One way to determine if a photograph is in the public domain is to do a copyright investigation. However, as to works recorded before 1978, these investigations are inconvenient for most people to do. For a fee, the Copyright Office will perform a search. As to matters recorded after 1978, these records are searchable at http://www.copyright.gov/records/.
Even if you discover that a particular photograph is in the public domain, you (or the photograph) may not yet be home free. That's because the version of the apparently public domain work may have been modified in some way that makes that version copyrightable.

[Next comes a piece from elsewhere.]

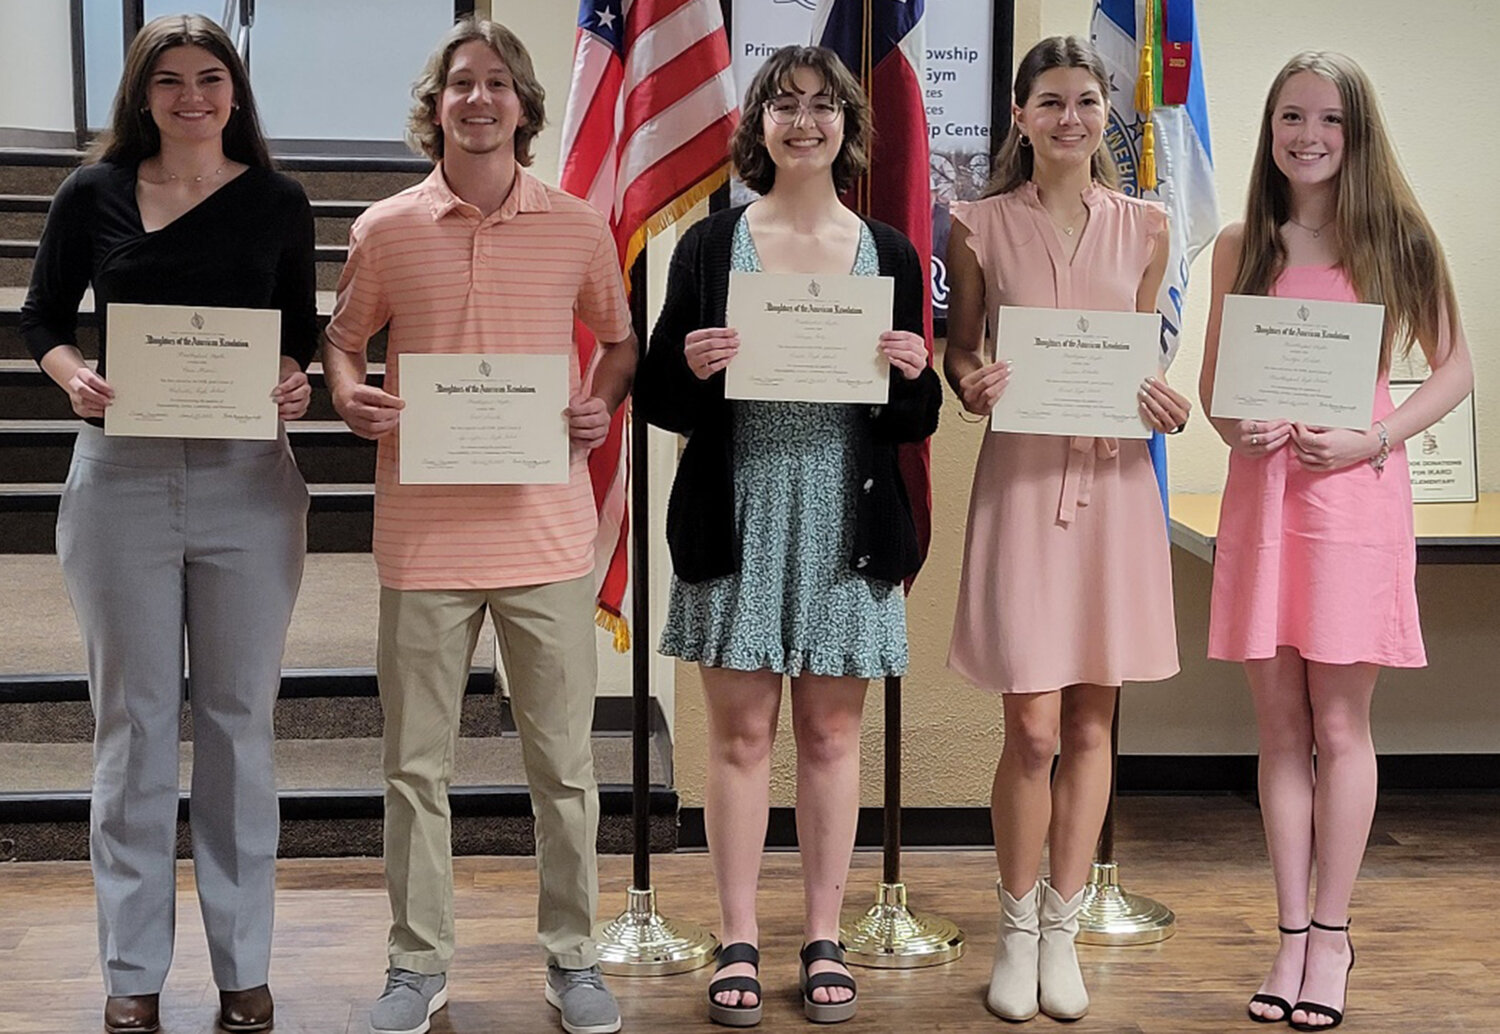 Weatherford DAR Good Citizen Award winners shown are (from left) Roree Willis, Todd Smith, Addisyn Retz, Addison Roberts, and Kaitlyn Pickett. Not shown are Payne Wellman and Conner Kirchhefer.
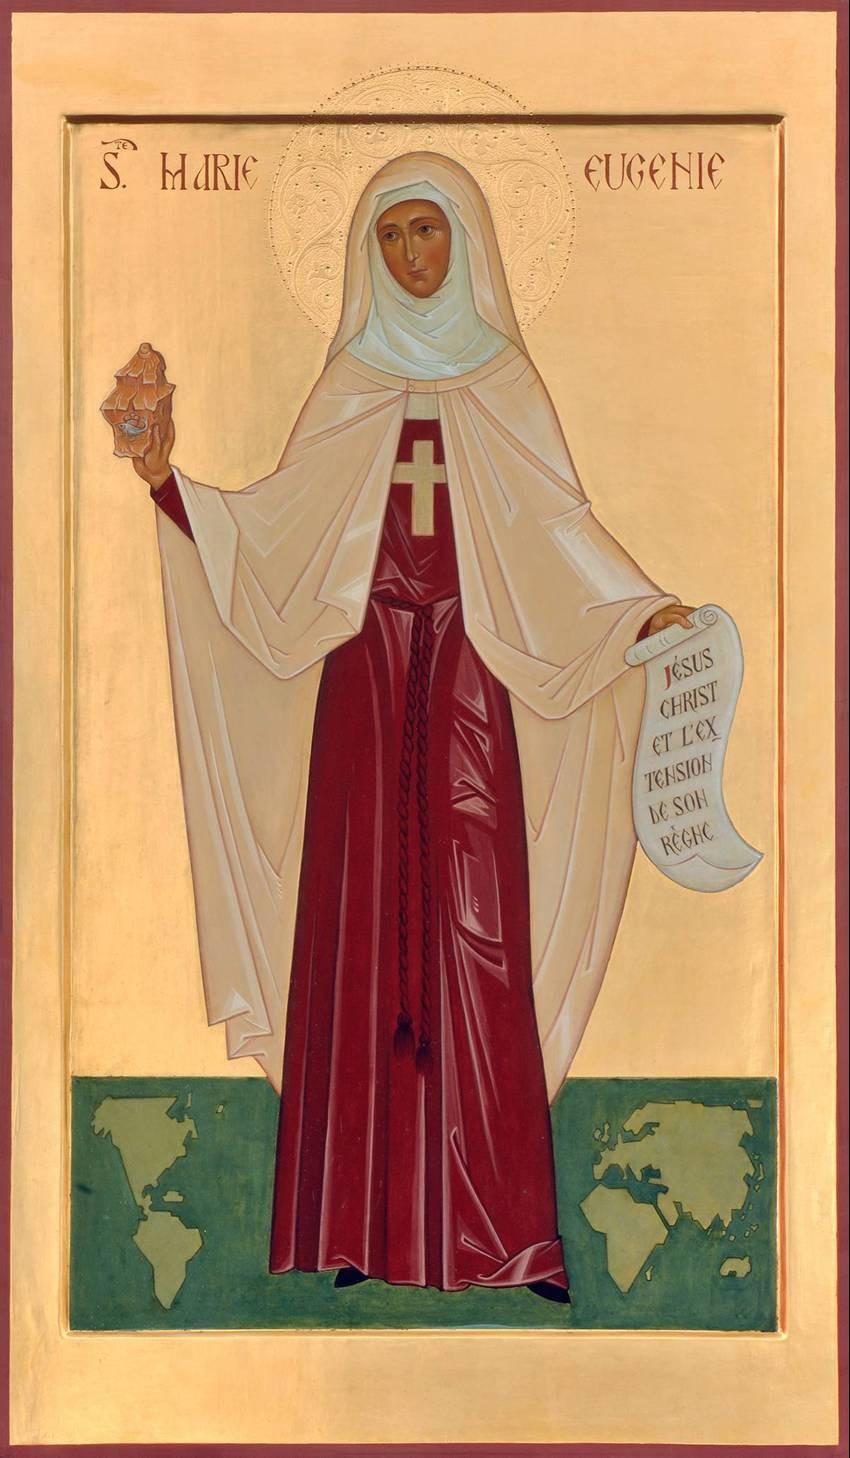 Assumption s Very Own Saint: Marie Eugénie Milleret Presentation made by Sr. Nuala Cotter, R.A. Here is Saint Marie Eugénie Milleret an image that most of you have now seen on the beautiful posters made for this event.

Now here's another twist: Suppose the work was first published or protected in a foreign country. Prior to 1978, the U.S. copyright scheme was far different than that of many countries in the world. Many such nations subscribed to the Berne Convention, an international agreement. In the 1990s, Congress approved two laws that have an effect on copyright terms. The first was the Sonny Bono Copyright Term Extension Act and the other was a trade agreement known as the Uruguay Round Agreements Act. Briefly, these laws extended copyright terms of works that otherwise would be within the public domain. The URAA in particular, restored copyright protection to foreign works that had lost their copyright protection under U.S. law. This restoration was part of U.S. implementation of the Berne Convention,
The result of the URAA was that a number if works that had been understood to be in the public domain, suddenly were not. An example of this is the famous music to "Peter and the Wolf," which once again requires royalties to perform. You can understand the confusion that would ensue if you had used a photograph with the understanding that it was in the public domain, but then it wasn't.
Fortunately, relief may be on the way. Earlier this month, the United States District Court in Denver issued a landmark ruling that the restoration of copyright protection to such foreign-registered works is unconstitutional, in that it violates the free speech rights of potential users. The court's free speech rationale was based on the notion that derivative works of creativity are discouraged by the restoration or extension of lapsed copyright protection. The case is Golan v. Holder (U.S. Dist. Ct., D.Colo., 3 Apr 2009).
This ruling certainly will be appealed to the United States Court of Appeals and perhaps to the Supreme Court before the matter is finally settled.
So it seems there are complications in the public domain. If you're not certain that a work is in the public domain and you're not prepared to undertake an investigation, use something else!